1.  `cummax` method: Return cumulative maximum over a DataFrame axis.
1.  `cummin` method: Return cumulative minimum over a DataFrame axis.
1.  `corr` method: Compute correlation of columns and generates pearson correlation by default.


Reference: 
1. https://pandas.pydata.org/pandas-docs/stable/generated/pandas.DataFrame.sum.html
1. https://pandas.pydata.org/pandas-docs/stable/generated/pandas.DataFrame.cumsum.html
1. https://pandas.pydata.org/pandas-docs/stable/generated/pandas.DataFrame.diff.html
1. https://pandas.pydata.org/pandas-docs/stable/generated/pandas.DataFrame.pct_change.html#pandas.DataFrame.pct_change
1. https://pandas.pydata.org/pandas-docs/stable/reference/api/pandas.DataFrame.cummax.html
1. https://pandas.pydata.org/pandas-docs/stable/reference/api/pandas.DataFrame.cummin.html
1. https://pandas.pydata.org/pandas-docs/stable/generated/pandas.DataFrame.corr.html

Use `sum` method to figure out the quantity of all orders.

In [61]:
order_pdf['Quantity'].sum()

The total quantity of all orders is 842.

Calculate cumulative sum of quantity using `cumsum`method.

In [64]:
order_pdf['Quantity'].cumsum()

The result shows that first two orders sold 194 items and first three orders have 282 and so on.

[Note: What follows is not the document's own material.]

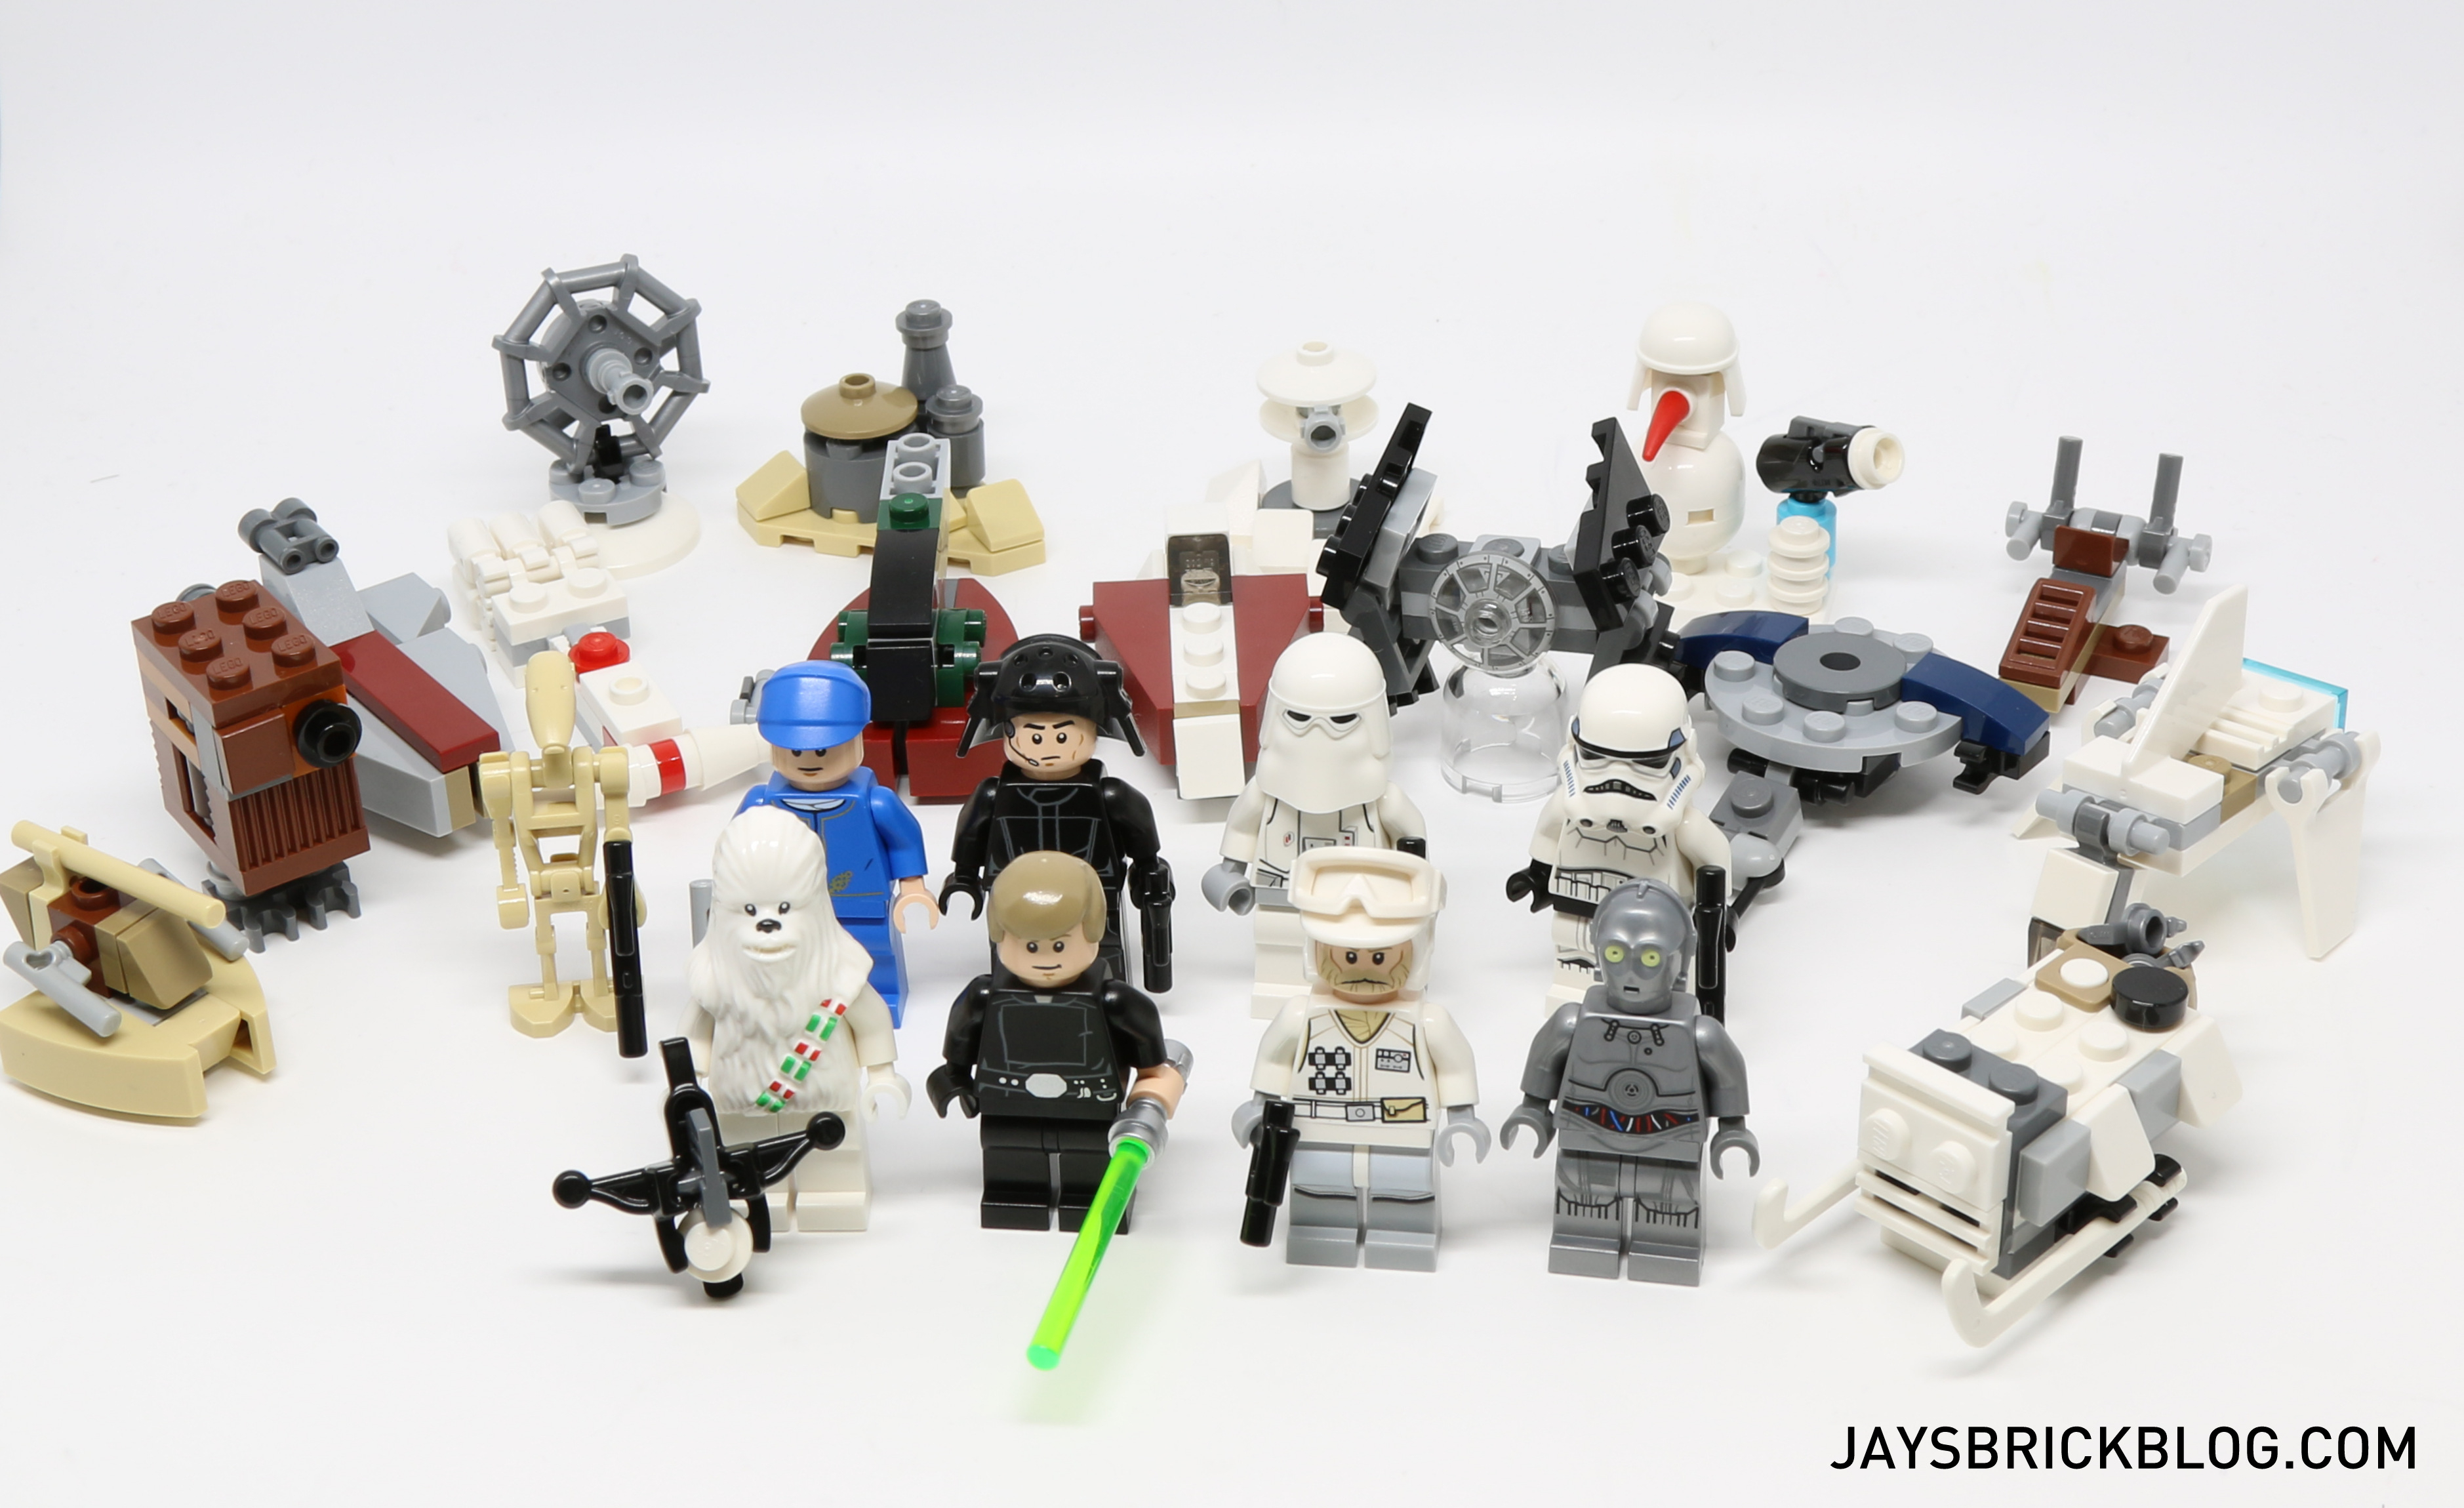 Lego Star Wars Advent Calendar 2016 – Jay's Brick Blog for Lego Star Wars Advent Calendar 2011 Instructions
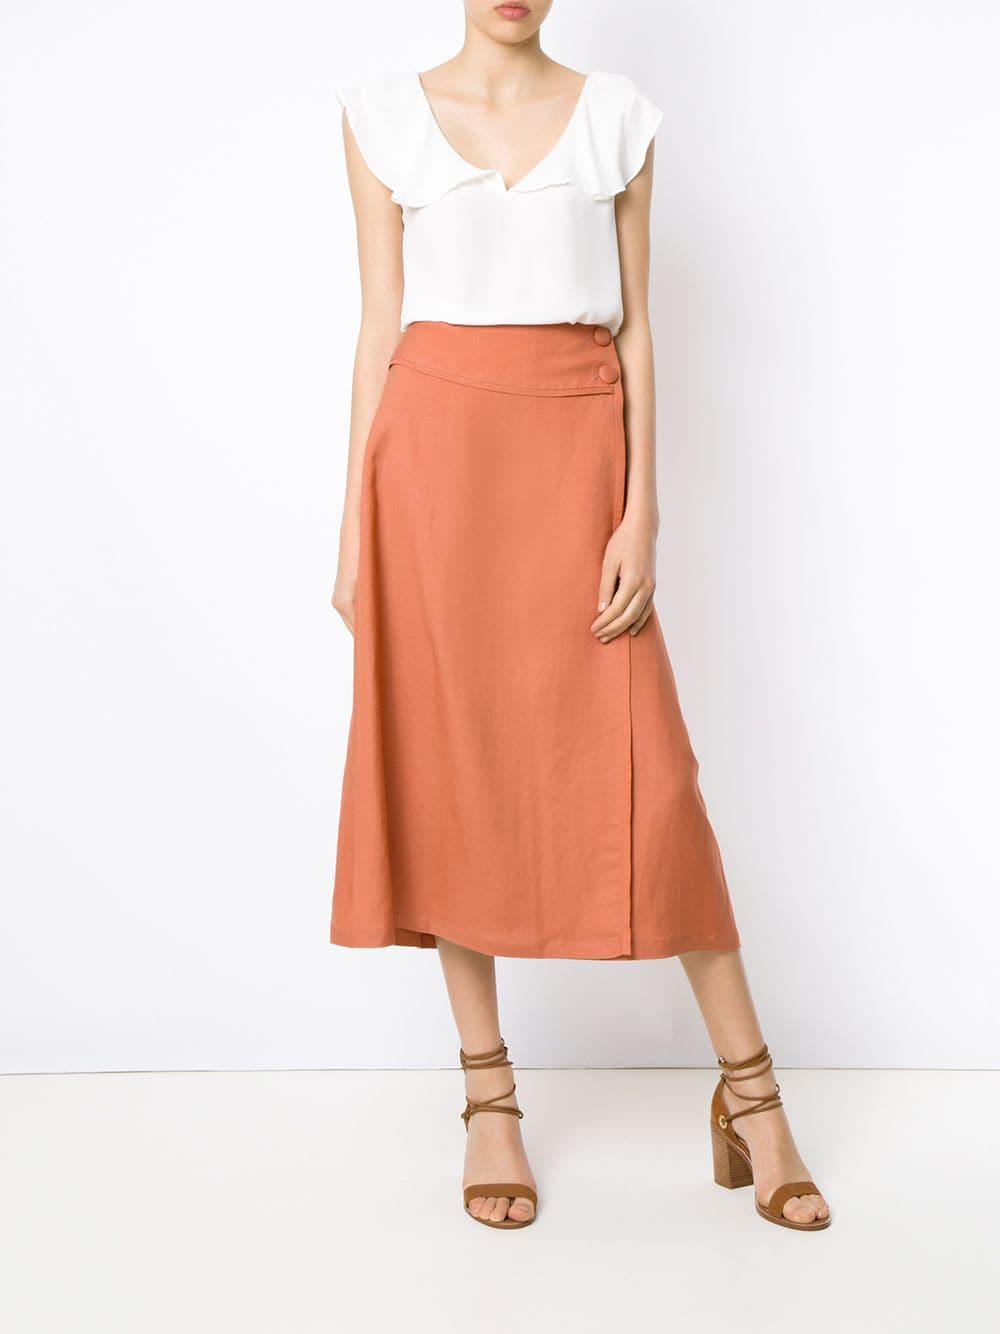 b756a2c47 Lyst - Adriana Degreas Midi Skirt in Yellow

Use `diff` method to calculate the difference in quantity between current order and previous order.

In [67]:
order_pdf['Quantity'].diff()

Notice that becuase there is no previous value for the first order to compare, the first result is `NaN` and the second order has 2 more items than the first order. The seventh order and the sixteenth order has remarkable increase in quantity ordered.

Calculate the difference in quantity between current order and previous N order by setting parameter `periods=N`.

In [70]:
order_pdf['Quantity'].diff(periods=2)

The result shows the third order has 8 less quantity sold than the first order. The first order and second order have no values to compare so the results are `NaN`.

Calculate percent change of quantity between orders using `pct_change` method.

In [73]:
order_pdf['Quantity'].pct_change()

Each value represents the percent change in quantity compared to previous order and it is the same as `diff` method, the first order does not have previous order to compare so the result is `NaN`. The output shows a trend of fluctuation in quantity sold.

Calculate percent change in quantity between current order and previous N order by setting the parameter `periods=N`.

In [76]:
order_pdf['Quantity'].pct_change(periods=2)

The result shows compared to the first order, the third order decreased in quantity by 0.08333. Since the first order and second order have no values to compare, the results are `NaN`. It is easy to notice that compared to the twelfth order, the quantity ordered of the fourteenth order increases by 40%.

Use `cummax` method to find out the order with most quantity and what is the most quantity. The method returns the cumulative maximum over `Quantity` column.

In [79]:
order_pdf['Quantity'].cummax()

Notice that the second order has the most quantity sold and the method returns cumulative maximum for subsequent orders.

Use `cummin` method to find out the order with least quantity and what is the least order quantity. The method returns the cumulative minimum over `Quantity` column.

In [82]:
order_pdf['Quantity'].cummin()

`cummin` finds least quantity of all orders in the 11th order and the least quantity is 2.

Use `corr` method to compute the pearson correlation coefficient between `Price` and `Quantity`.

In [85]:
order_pdf.corr()

The method returns the pearson coefficient between numeric series of the `order_pdf` by default. The pearson correlation coefficient between `Price` and `Quantity` is 0.31. `Price` and `Quantity` has positively weak relationship.

__The End__